Morning granola at In De Wulf

I will remember 2013 as the year Chocolate & Zucchini celebrated its 10th anniversary, and as the year The French Market Cookbook was published (and so generously well received).

It is also the year I worked on a whole new version of the site — I cannot wait to unveil it! — and on a brand new book project, which I will tell you more about very soon (hint hint).

In 2013 I also got to visit not one, but two of my bestest and favoritest vacation destinations, Corsica and San Francisco, and this has felt like winning the lottery, twice.

But beyond these biggies, here are more of the everyday joys that have lit up my year:

Favorite new places to eat in Paris: Bones and Mary Celeste.

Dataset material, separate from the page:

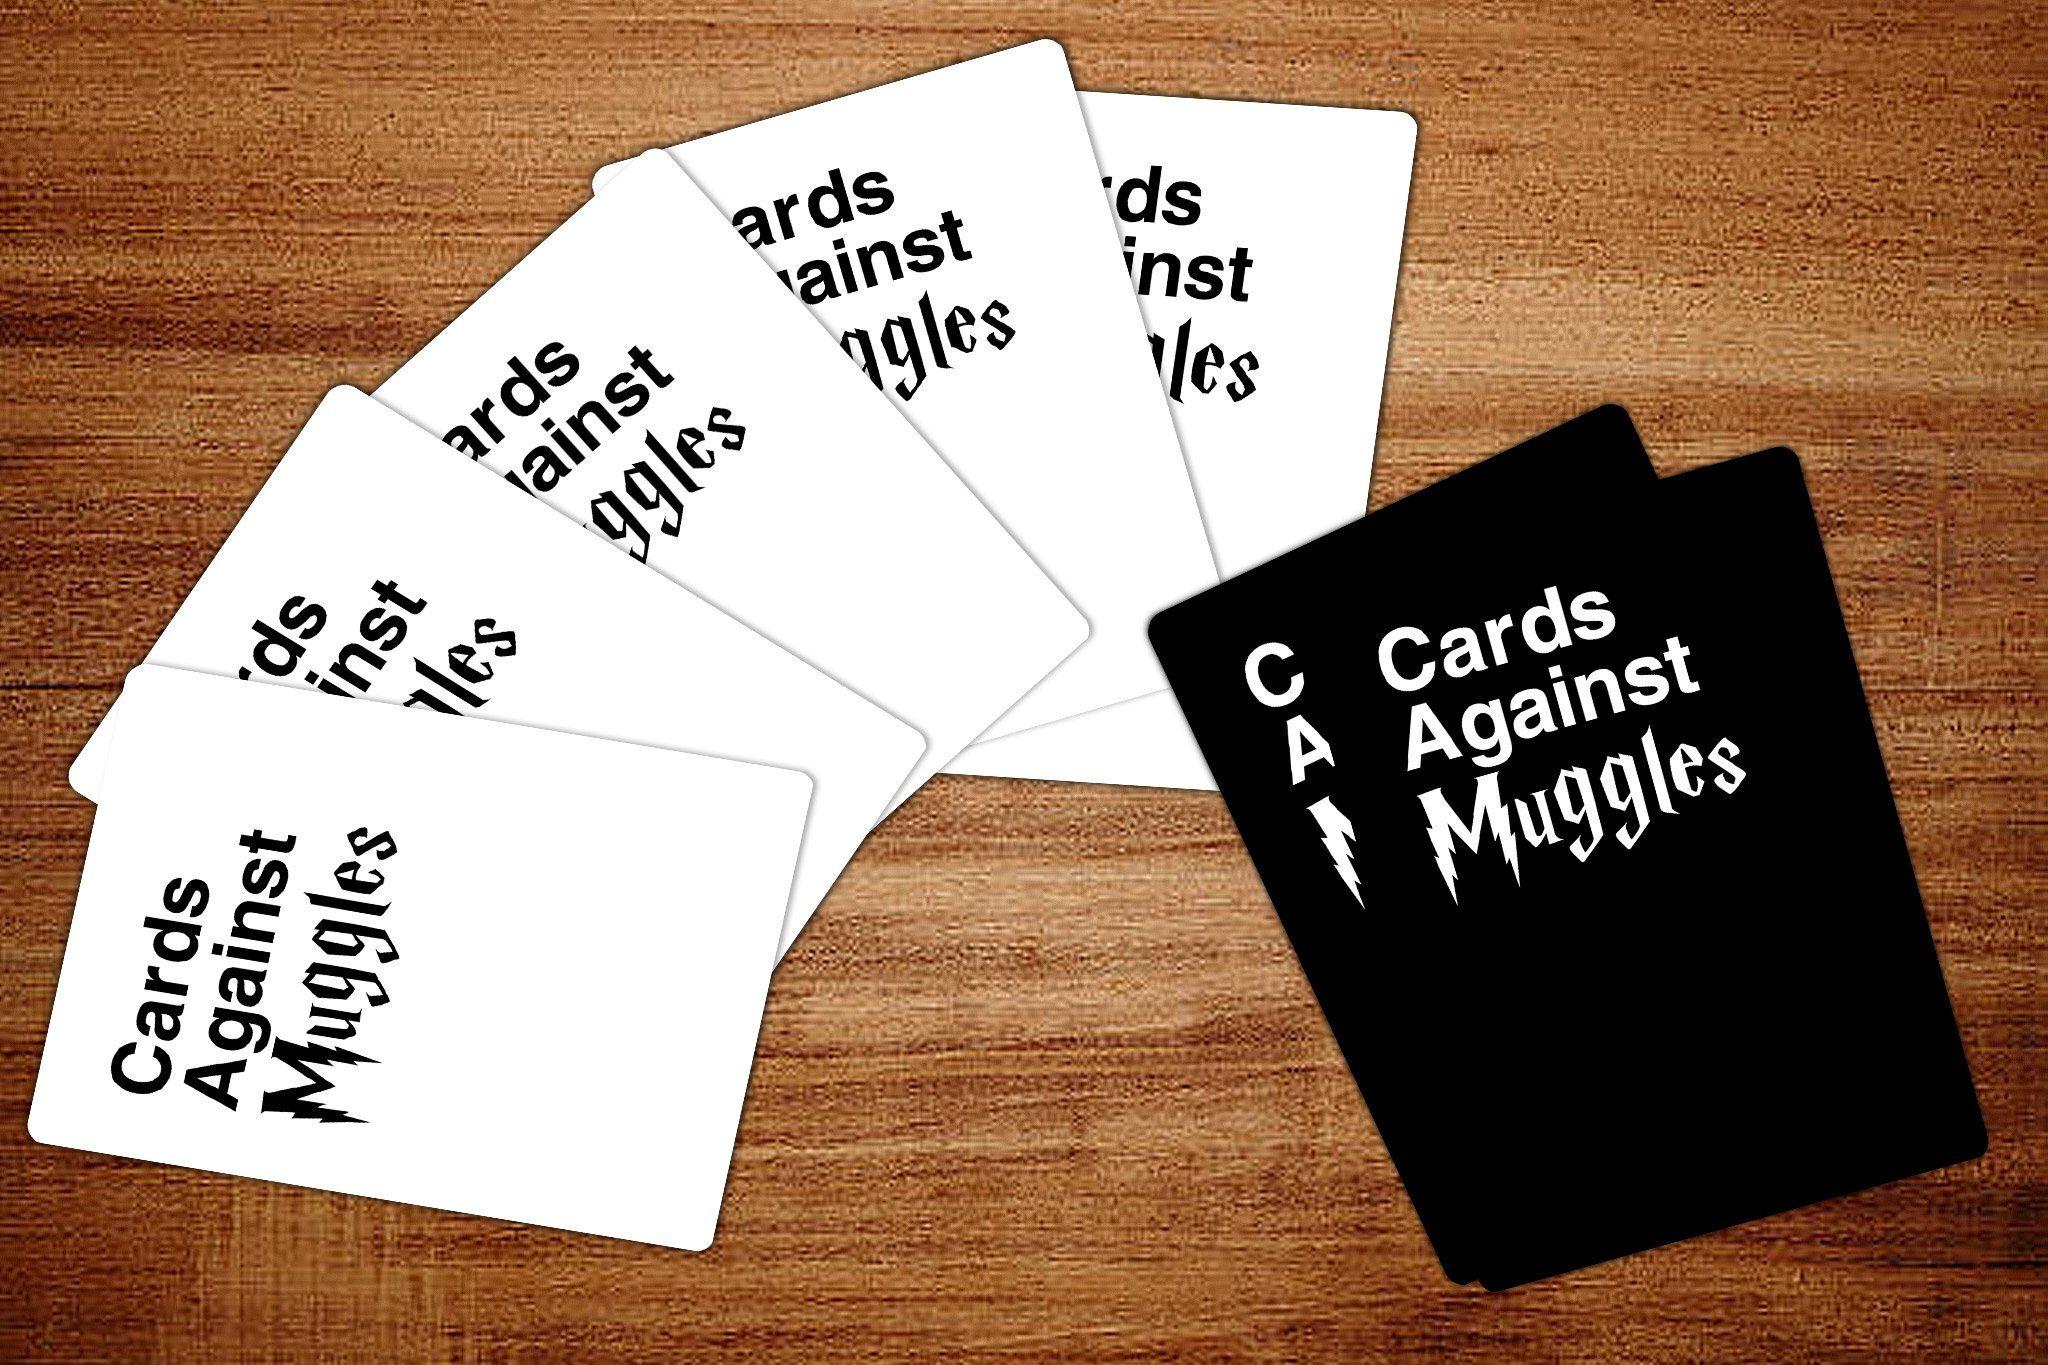 Cards against muggles digital download humanity hates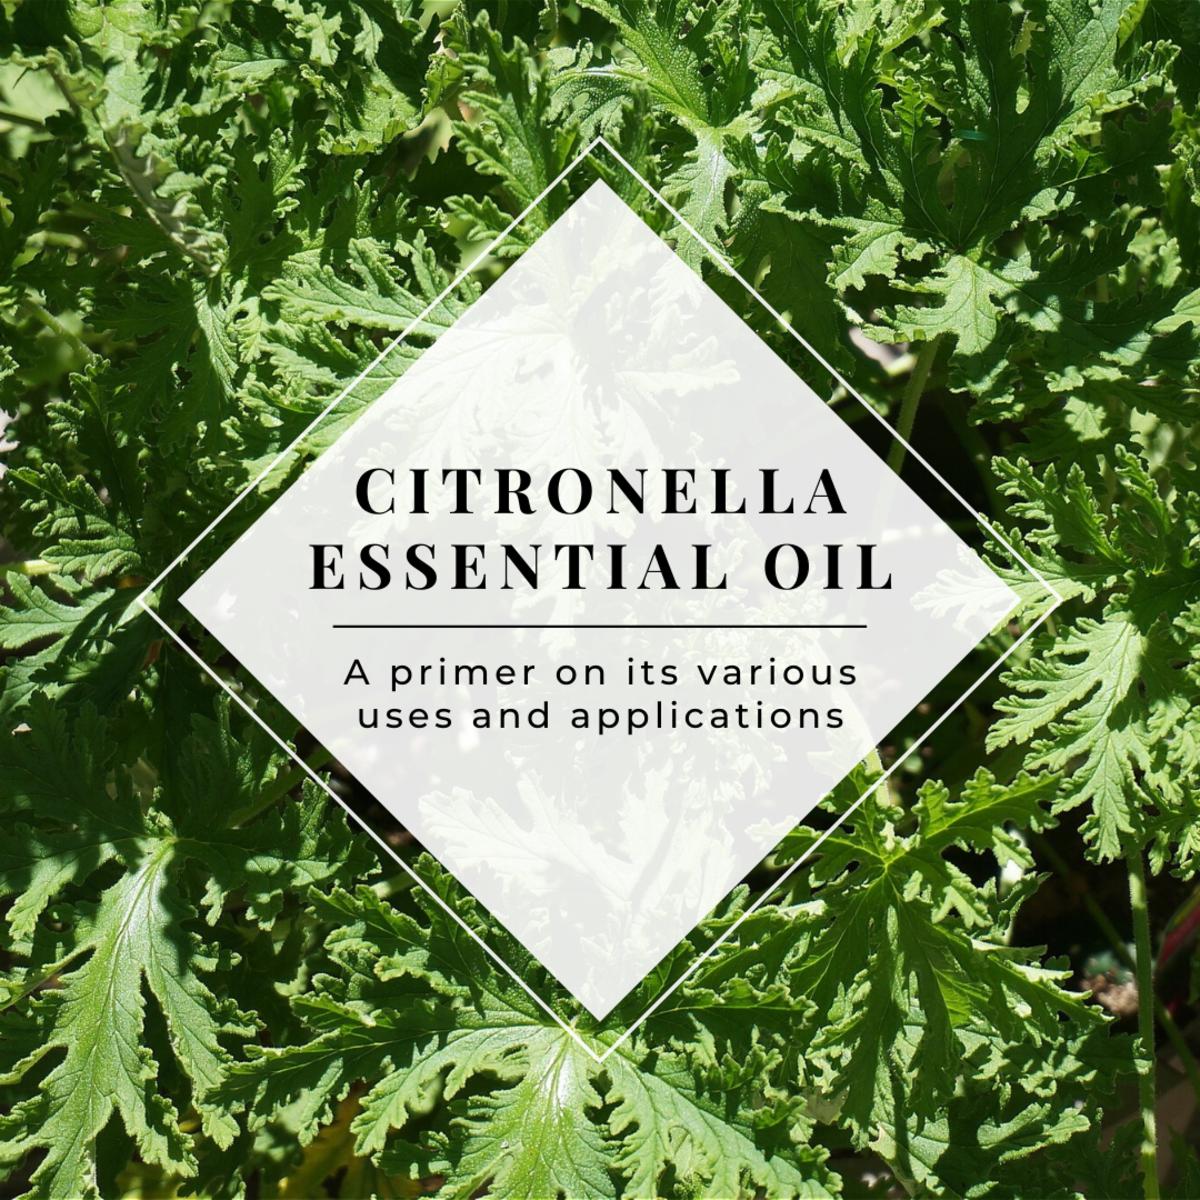 How to Use Citronella Essential Oil

Favorite new utensils: my Earlywood spatulas, scrapers, and spreaders, my fabulous new chef’s knife, and my cinnamon grater.

Here are some of the everyday joys that have lit up my year.

Favorite new chocolates: bean-to-bar unconched chocolate by Nicolas Berger for Alain Ducasse, and Marou’s organic chocolate from Vietnam, especially the 70% from the Mekong delta.

Best breakfast: The entirely homemade breakfast served at In De Wulf the morning after (see picture above).

Favorite new cookbooks: Michelle Tam’s Nom Nom Paleo and Isa Chandra Moskowitz’s Isa Does It.

Most mileage on a single recipe: the Roasted Cauliflower à la Mary Celeste, which has become a weekly fixture at my table.